Yep! one of my dogs (the youngest) is often sick after bones! I can only assume that she eats them too fast! I was told that when first starting a BARF diet that the dog can be sick in the early days until they get used to it when this settles down ! whether this is true I really don't know, but spect someone will confirm!


----------



## Paddy Paws (Jul 11, 2010)

I personally wouldn't advise any bones other than large beef marrow bones that they can gnaw without actually consuming much of the bone, if any. The spikey bone once eaten can irritate the gut and can also cause some pain when passed in faeces. Chicken bones are so soft now that they are usually digested so that is not often a problem in that respect. What I would add though is 'would you eat raw chicken?' no? why? Remember we are not the only species that can get salmonella or other forms of food poisoning. Your dog can catch it and then pass it on to you.
You may be better off giving some other kind of treat in order to keep teeth and gums healthy. Have a look at pizzles and pig's ears.


----------



## katiefranke (Oct 6, 2008)

Hiya, got a few questions to see if I can advise....

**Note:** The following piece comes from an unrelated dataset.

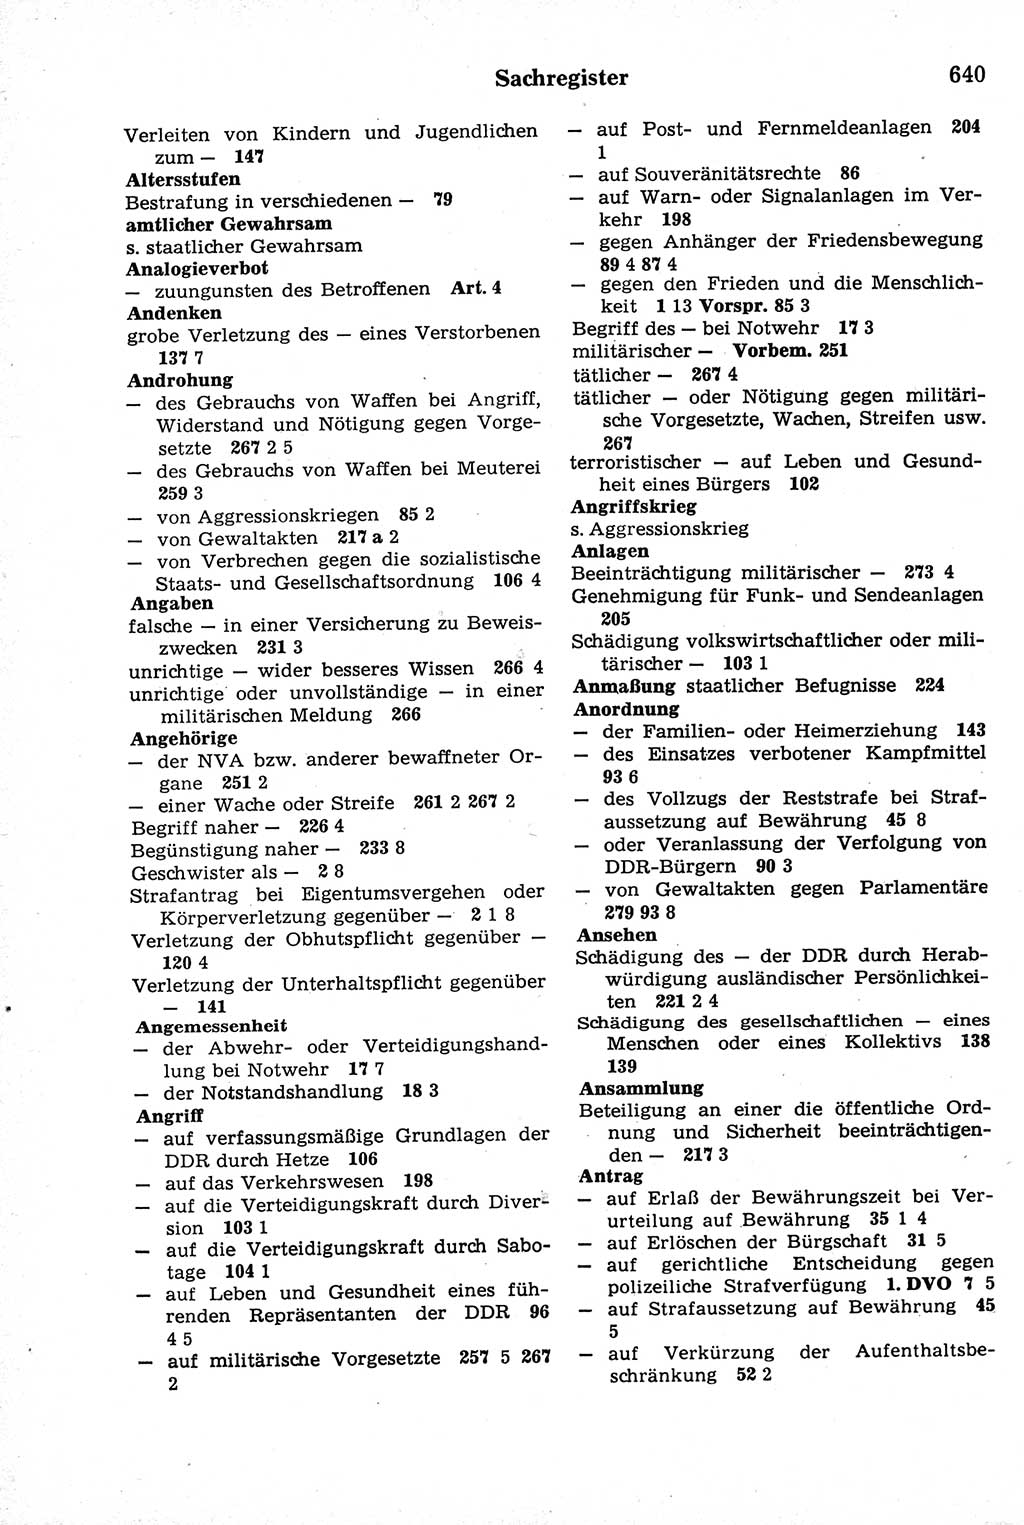 Strafrecht der Deutschen Demokratischen Republik (DDR), Kommentar zum Strafgesetzbuch (StGB) 1981, Seite 640 (Strafr. DDR Komm. StGB 1981, S. 640)

What kind of bones do you give & how much meat are on them? (i.e. are they quite large bones without much meat/very boney like chicken wings?)
What else does your dog eat normally? (i.e. is he kibble-fed)
How often do you give raw bones?

It is relatively normal when feeding a raw diet to get upset tum the first day or so - some dogs have no problem, while some take a while to adjust. My own dog had a bit of an upset tum for the first week but nothing after that - but then we switched her straight to full raw...

A dogs digestive system is VERY different to ours and much more acidic. Their saliva and stomach juices are made to kill bacteria so I wouldnt worry about this. More info/specifics summarised here though  :
Myths About Raw: Will the bacteria in raw meat hurt my dog?
Myths About Raw: Are raw-fed pets a health risk for humans?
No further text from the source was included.